Miss Laura Clay


Miss Laura Clay


Miss Laura Clay was born in 1849 at the Clay mansion of White Hall. She was the daughter of Cassius and Mary Jane Warfield Clay. She accompanied her father and mother to Russia in 1861. She attended the University of Michigan and State College in Lexington, a rare thing for a woman in that day and time.

Although her famous father opposed woman's suffrage, Miss Clay became its champion and in 1887 became president of the Kentucky Equal Rights Association, which office she held for 34 years. It was through her efforts that women were permitted to attend Central University in 1893. In 1884, through their efforts a School of Pharmacy for Women was opened in Louisville and its graduates were given the right to practice in the state.

Miss Clay opposed the liquor interests and was a strong worker with the WCTU. Laws passed at the instigation of Miss Clay's group provided for separate institutions for boys' and girls' reform schools, and for providing ballots for women at the school elections, where Kentucky law allowed women to vote. This last came about when, in 1913, Miss Clay went to vote in a school election, only to find that no ballots had been provided for women.

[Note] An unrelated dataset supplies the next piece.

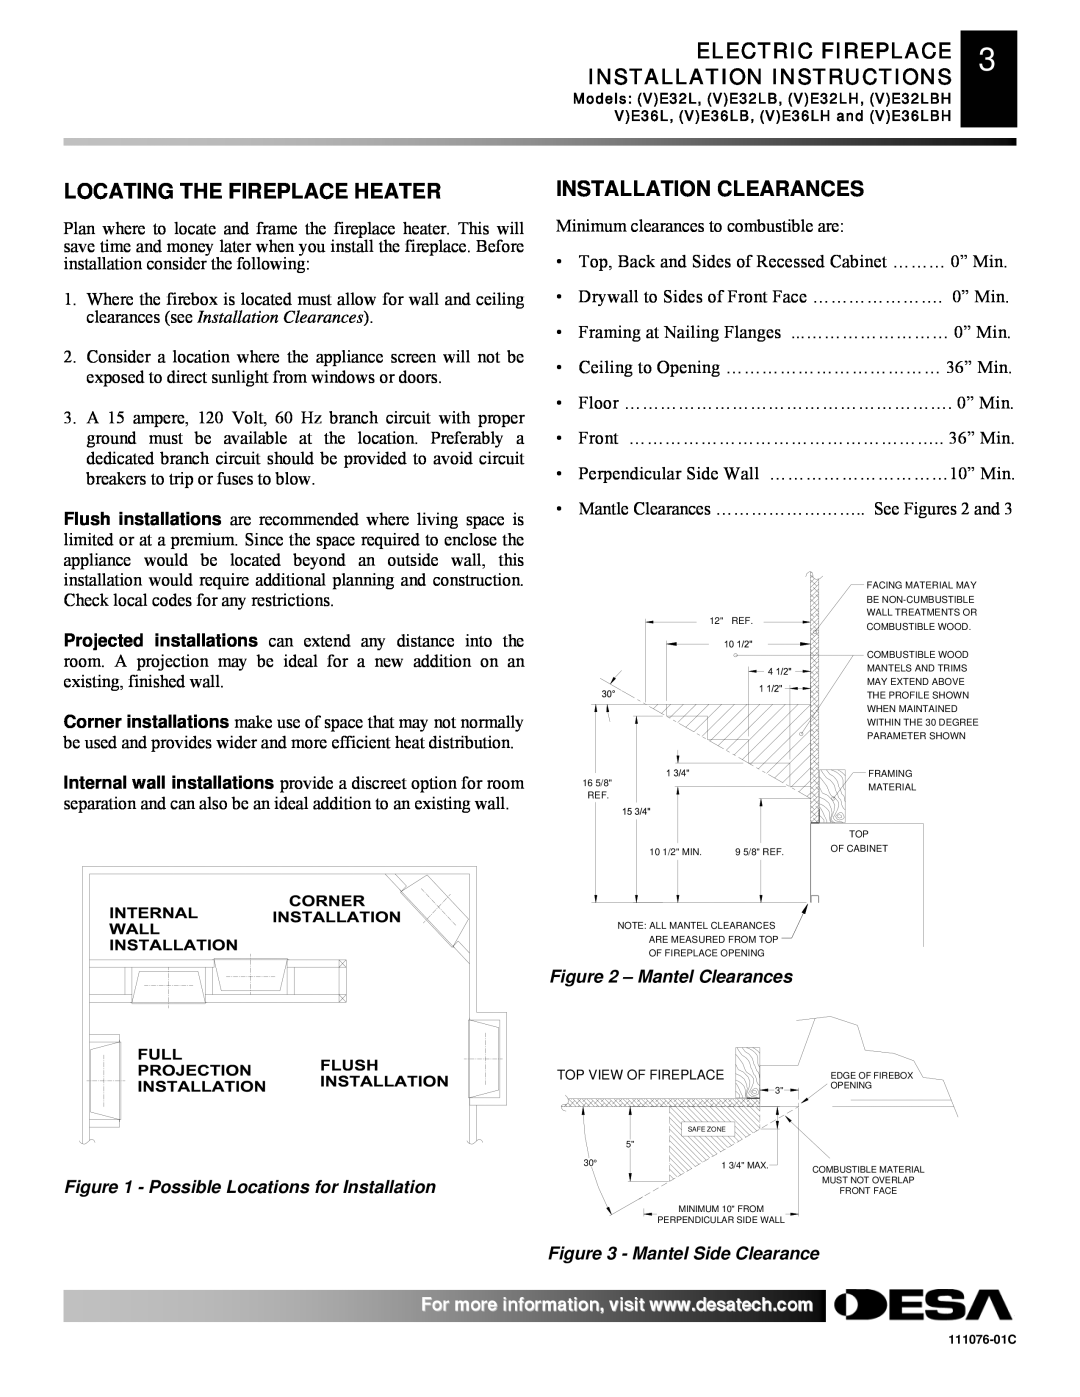 Desa E36(L)(B)(H) Locating The Fireplace Heater, ELECTRIC FIREPLACE 3 INSTALLATION INSTRUCTIONS, Installation Clearances

Miss Clay was a States Righter and in 1918 she broke with the Equal Rights Association which was pushing for a federal constitutional amendment. She formed her own organization, the Citizen's Committee for a State Suffrage Amendment. After winning her battle in 1920, Miss Clay changed her organization's name to the League of Women Voters, by which it is known today. She had accomplished her goal although opposing the means and bemoaning the loss of states' rights.

Soon thereafter she switched to Democratic politics being a delegate to that party's convention in San Francisco in 1920 where she had vote cast for her for presidential nomination. In 1923 she was defeated by a Republican state senator.

Miss Clay died in 1941 a highly respected citizen of Lexington, the state and the nation. She inherited long life from her father, being 92 when she died.